### Excerpted data
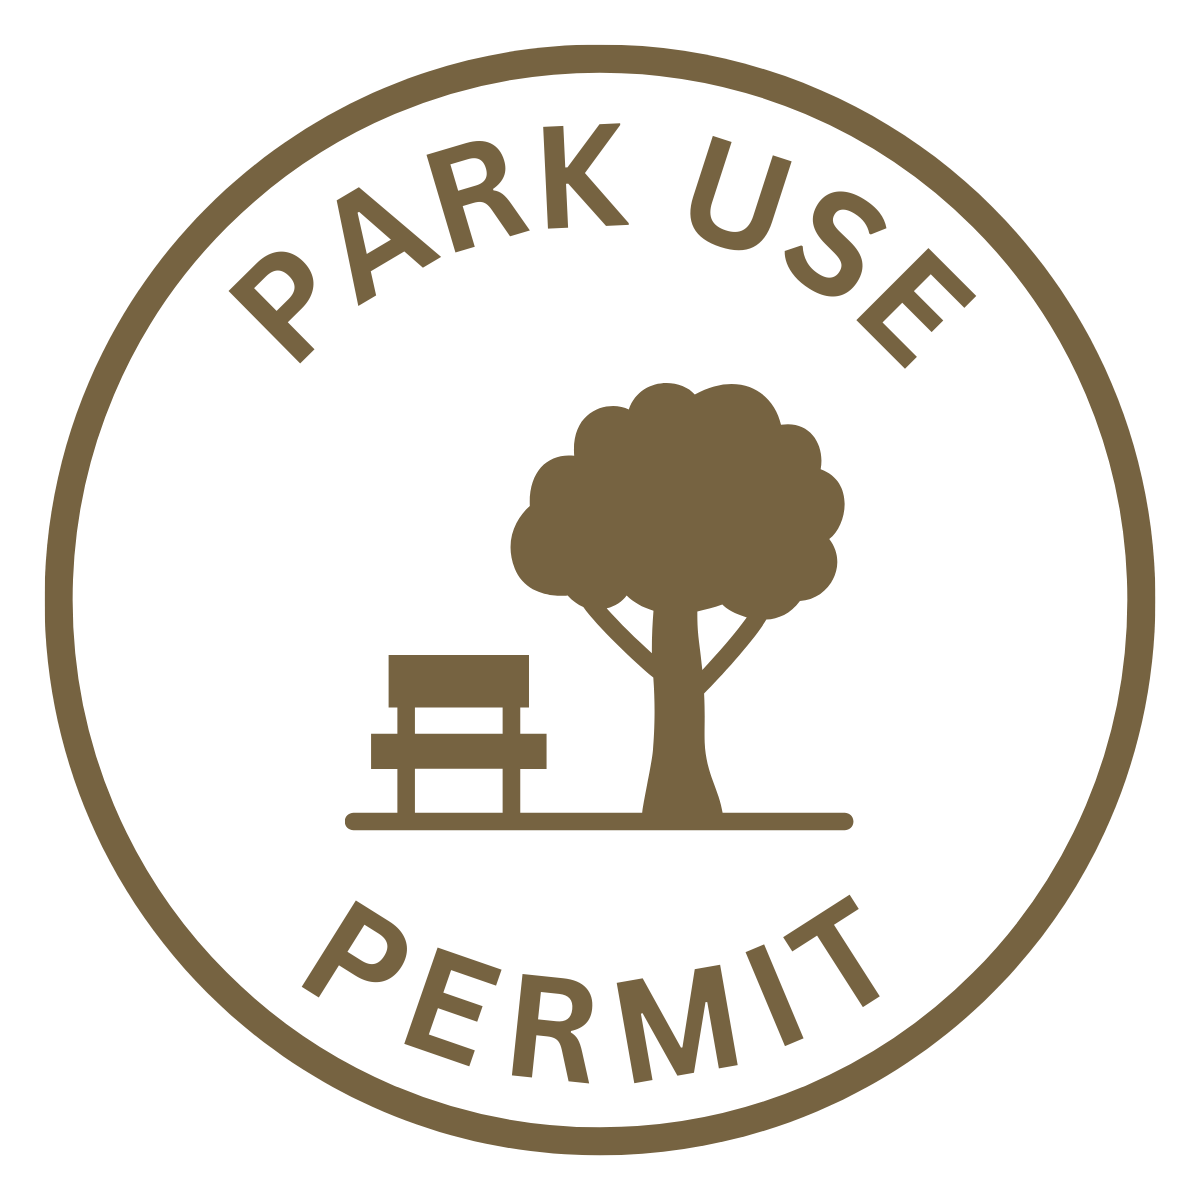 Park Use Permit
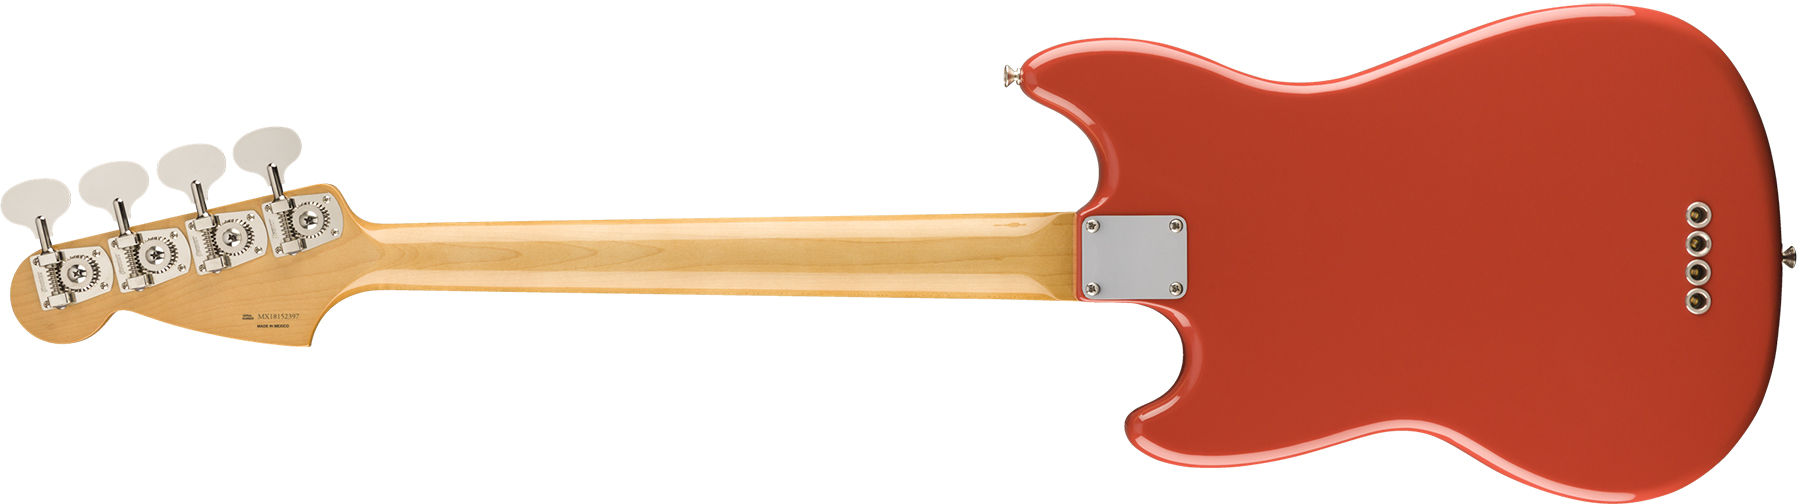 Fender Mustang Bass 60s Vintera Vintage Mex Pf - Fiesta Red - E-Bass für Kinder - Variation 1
* * *
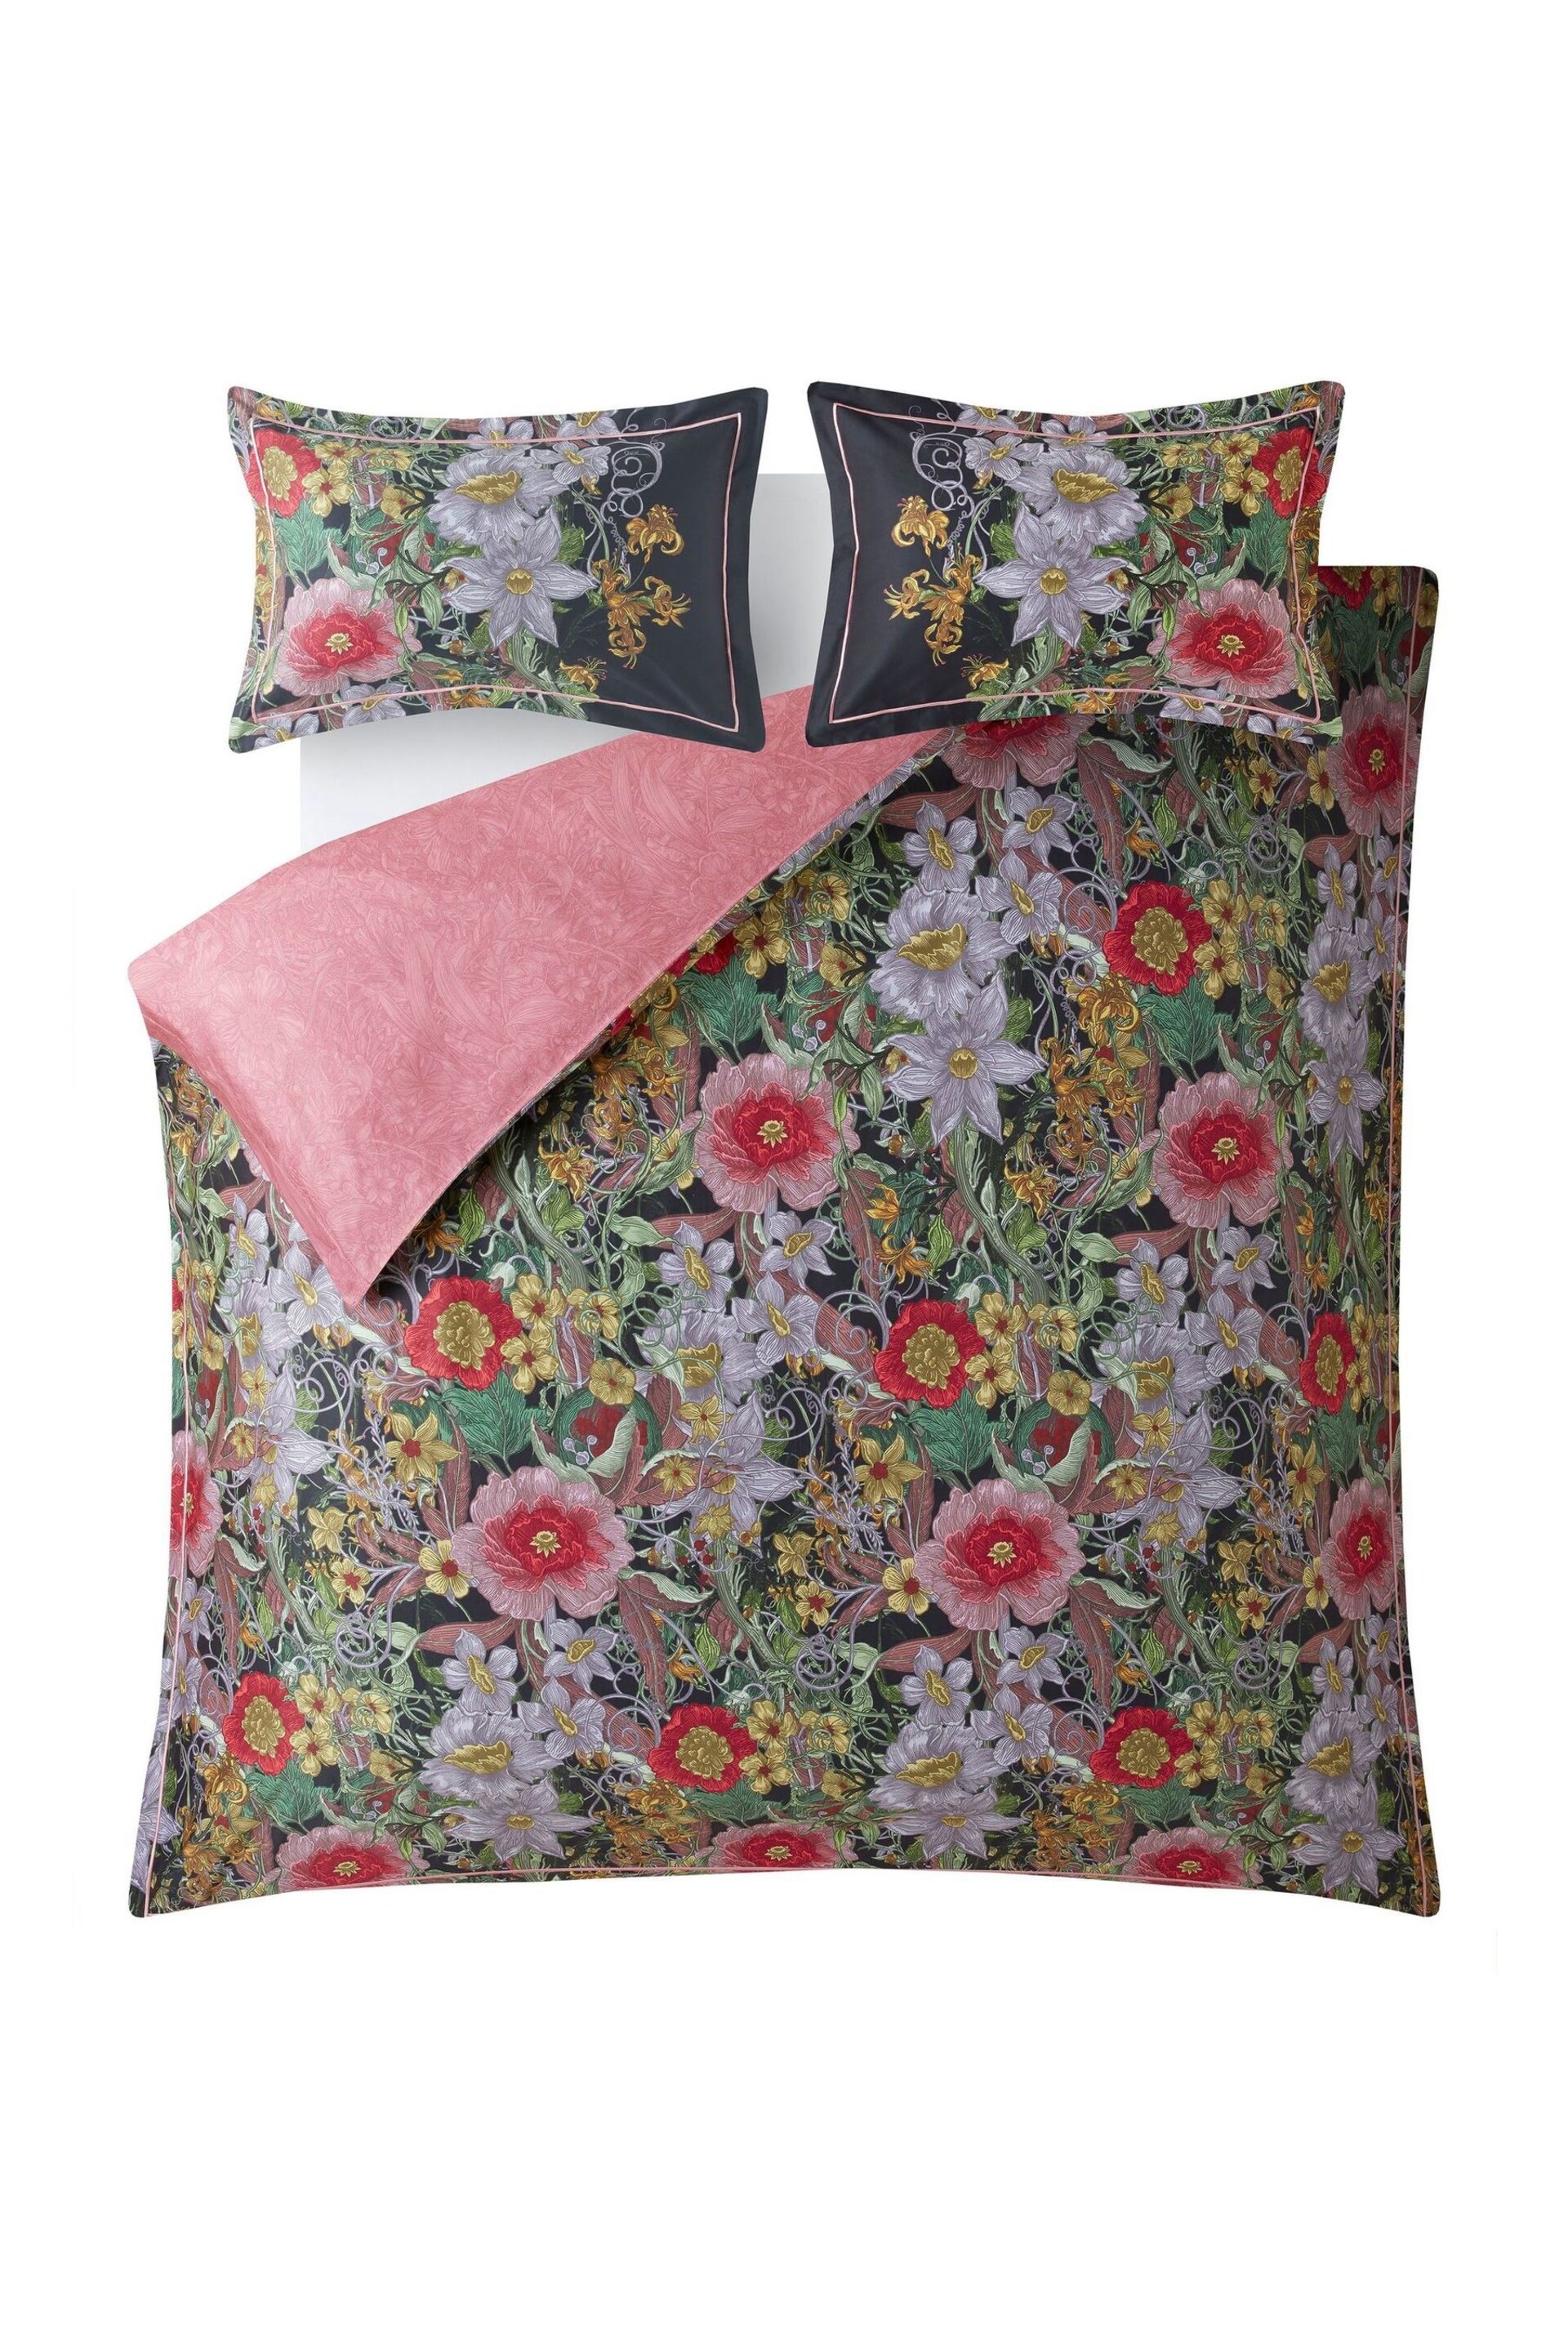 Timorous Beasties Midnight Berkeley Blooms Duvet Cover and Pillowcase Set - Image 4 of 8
---
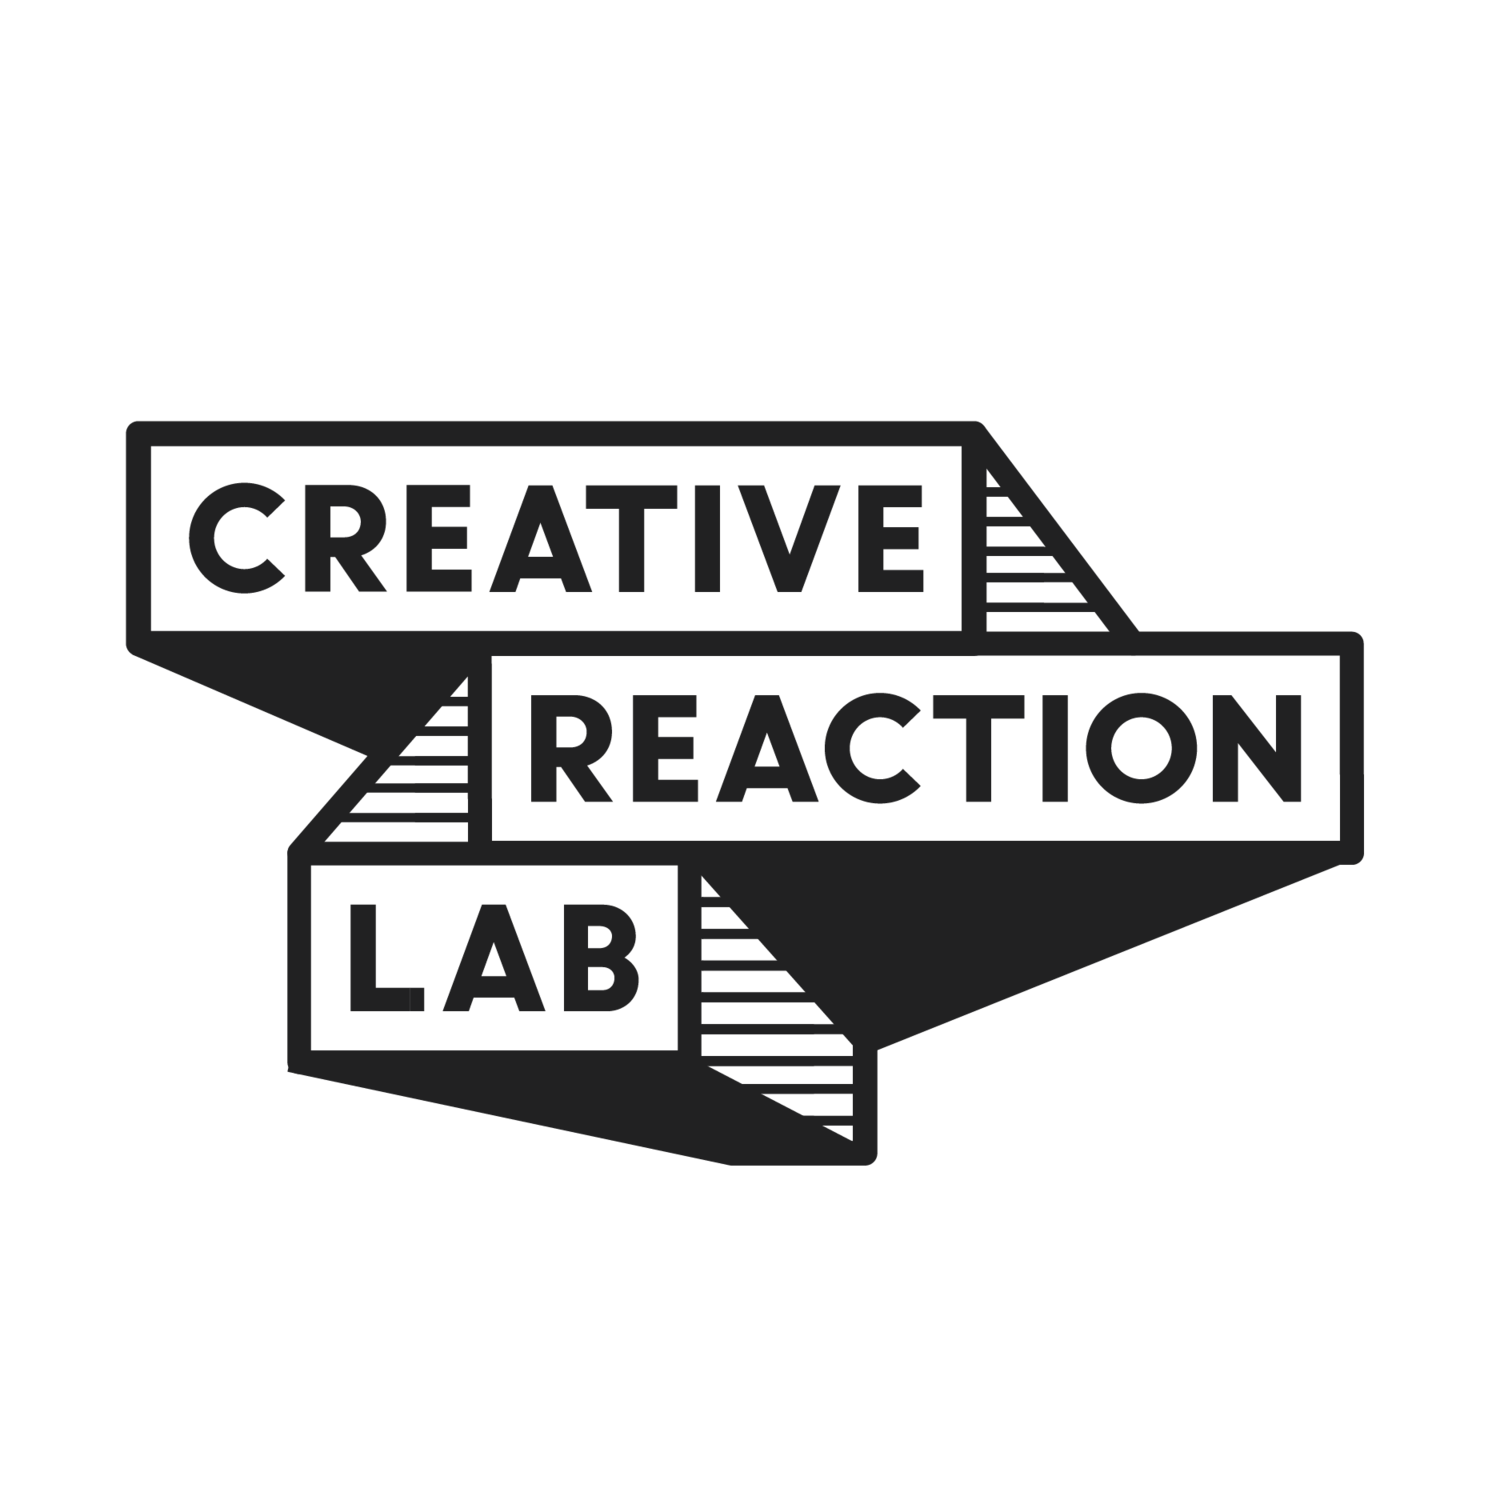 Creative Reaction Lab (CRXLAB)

### Assigned task
Transcribe the lines above exactly, beginning at the one with "Park Use Permit" and ending at the one with "Fender Mustang Bass". Include both; exclude the pictures.

### Finished exercise
 Park Use Permit
 Fender Mustang Bass 60s Vintera Vintage Mex Pf - Fiesta Red - E-Bass für Kinder - Variation 1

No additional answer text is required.